Joseph Karisny

Educational Background: B.A. History (Michigan State University)

Major Field: Modern Europe

Minor Fields: Food & Alcohol; Comparative Empire

Research Language: French and Italian

Committee: Dr. Ronen Steinberg (Chair), Dr. Karrin Hanshew, Dr. Helen Veit, Dr. Sean Forner, and Dr. Charles Keith

Office Hours: Abroad and conducting fieldwork until February 2023. Email for an appointment.

Email: karisnyj@msu.edu

 

While training in the broader field of Modern European history, I am specifically committed to the study of interwar France and Italy. My research centers around the study of transnational fascism and the “modern” right; the political imaginaries constructing ideas of Europe and race; the politics of population, consumption, and nutrition; and French and Italian political culture more generally. 

My dissertation, entitled “Regenerative Diets: Nutritional Modernism, Transnational Fascism, & Europeanism in France & Italy (1922-1940),” hones in on these interests. It tells the history of France’s love affair with Italian Fascism and the influence it had on the country’s rightwing; it maps the transnational networks of Franco-Italian exchange running through the Hexagon. What undergirded the French right’s admiration of Fascist Italy, I elucidate, was its sense of belonging to a common “Latin race.” Fears that its “biological degeneration” had thrown control of Europe into German hands, moreover, drew the French closer to their “Latin sister.” Fascist population politics and promises of a “New Europe,” I demonstrate, helped alleviate this anxiety. They appeared a means of “regenerating” France, imagining a continent with recast hierarchies, and reasserting the geopolitical power of “the Latins.” 

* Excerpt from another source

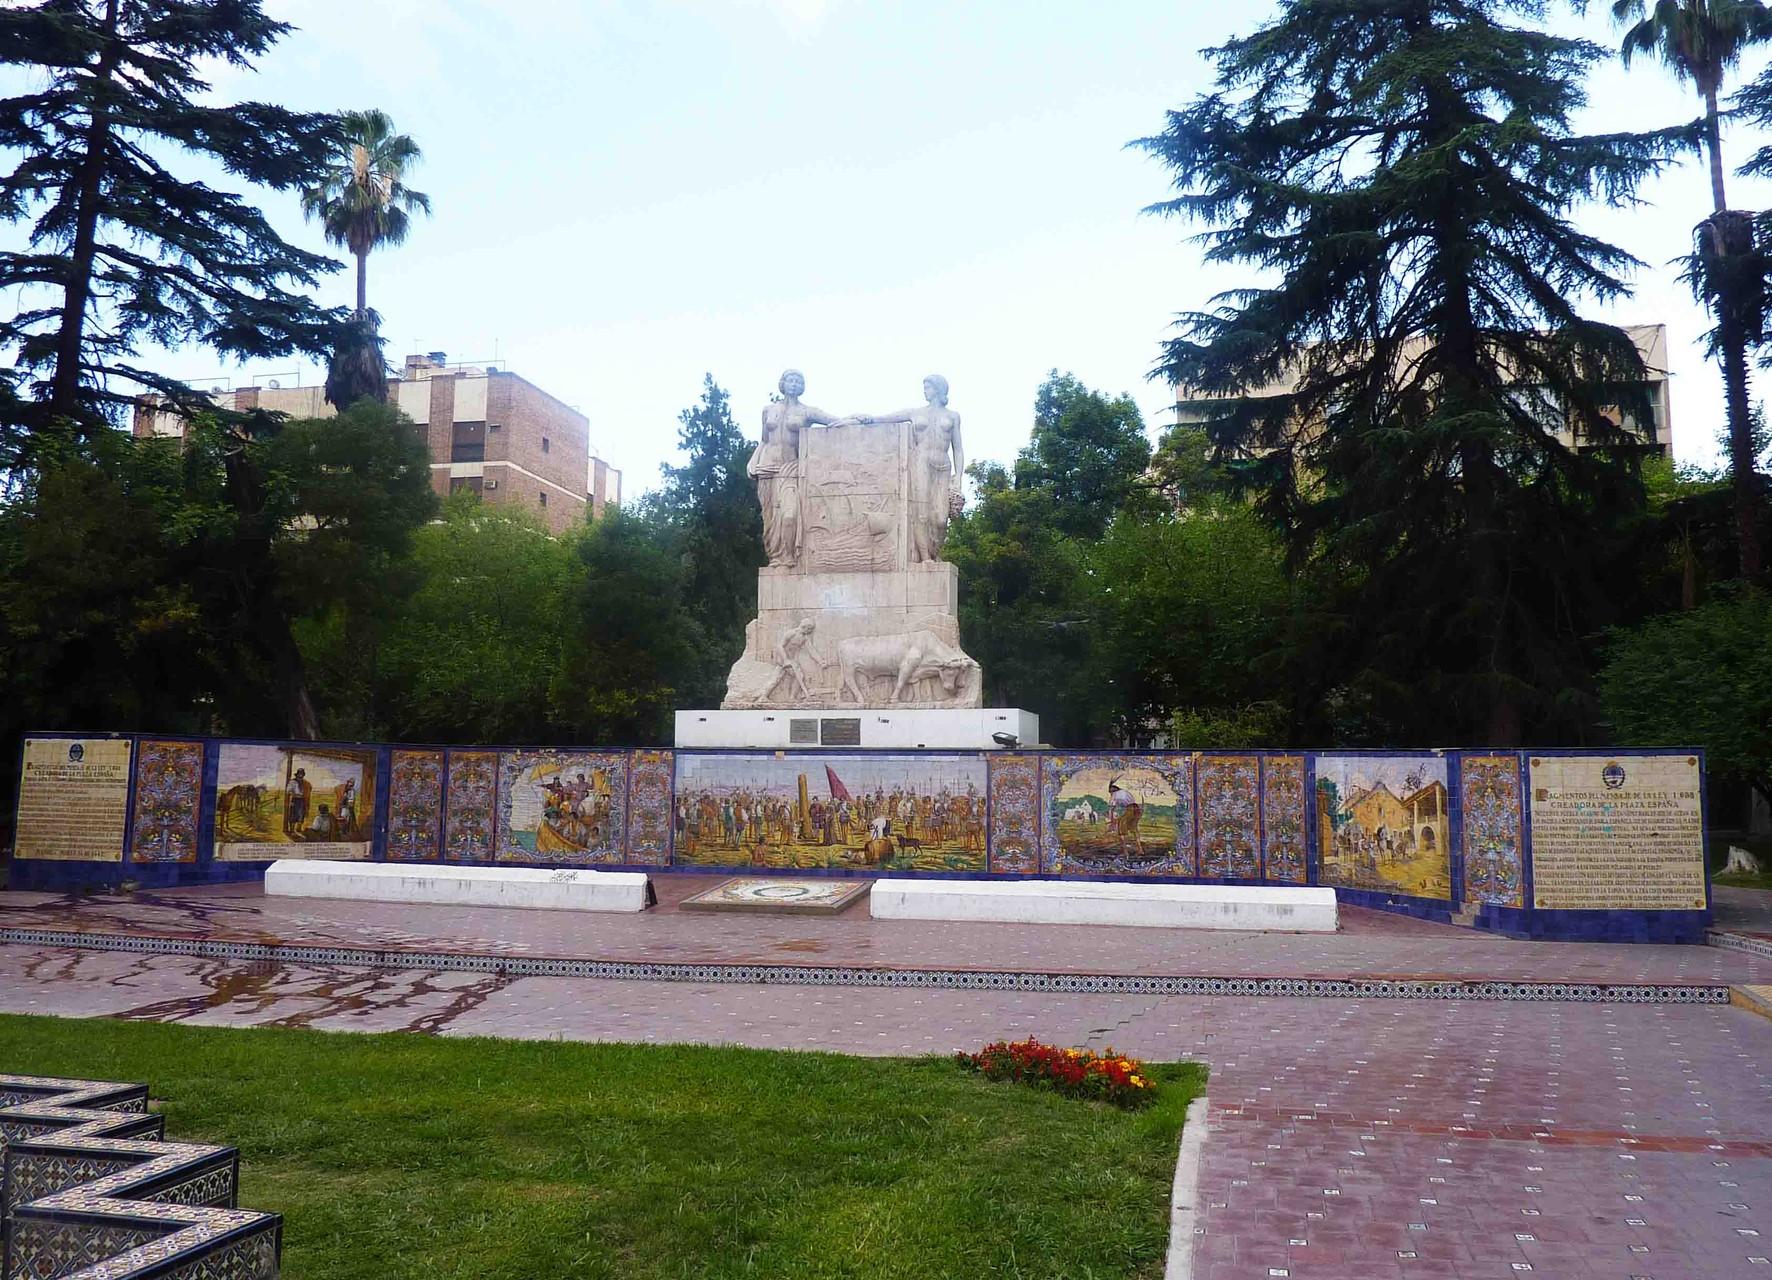 Un aspect de la magnifique place d'Espagne, don du gouvernement espagnol à la ville de Mendoza

To discern the ideological foundation of Franco-Italian relations, my project employs diet as an analytical category. It contends that the idea of a “Mediterranean diet” – a nutritional regime codified by Mussolini – reflected and constructed the political imaginary animating the two nations’ transnational exchange. On the one hand, Fascist food politics demarcated “biological” lines of identification. The  French and Italian right, I argue, viewed Mediterranean foods as the “natural” diet of the “Latin race.” The regime thus articulated the common “racial” makeup of the two nations while separating them from other Europeans. On the other, the Italian and French right rooted the “biological degeneration” of the “Latin race” in its abandonment of this “racially” determined diet. Eating Mediterranean was thus a means of “regenerating” physical and social bodies for both groups. In both instances, I argue that food allowed the two parties to imagine themselves members of a “Latin Europe” and reassert its primacy on the continent.

By historicizing the networks of Fascist propaganda in France (such as the Fasci all’estero) and associations of Franco-Italian amity (like the Comitato Italia-Francia/Comité France-Italie), my project contributes to debates on transnational and relational fascism. Historicizing how Italian Fascists and the broader French-right worked toward each other’s politics – and how their imagined geography of Europe fostered this partnership – my project does three things. It challenges the narrative that fascism was “weak” or unappealing in France, it works against the tendency to view Mussolini’s promise of a “New Europe” as a cynical ploy, and it maps the intersection of Franco-Italian geopolitics and population politics around the imperative to produce and consume “Latin foods.” All of this seeks to expand our understanding of fascism, conservatism, nationalism, and Europeanism—of the “modern” right. 

Ultimately, then, my work positions itself somewhere between political and food history. It theorizes that food – a physical necessity orbited by a constellation of ideological imperatives – gave abstract political imaginaries and doctrines a material form. Overall, I am committed to showing this—to demonstrating how ideas become embodied and lived through food.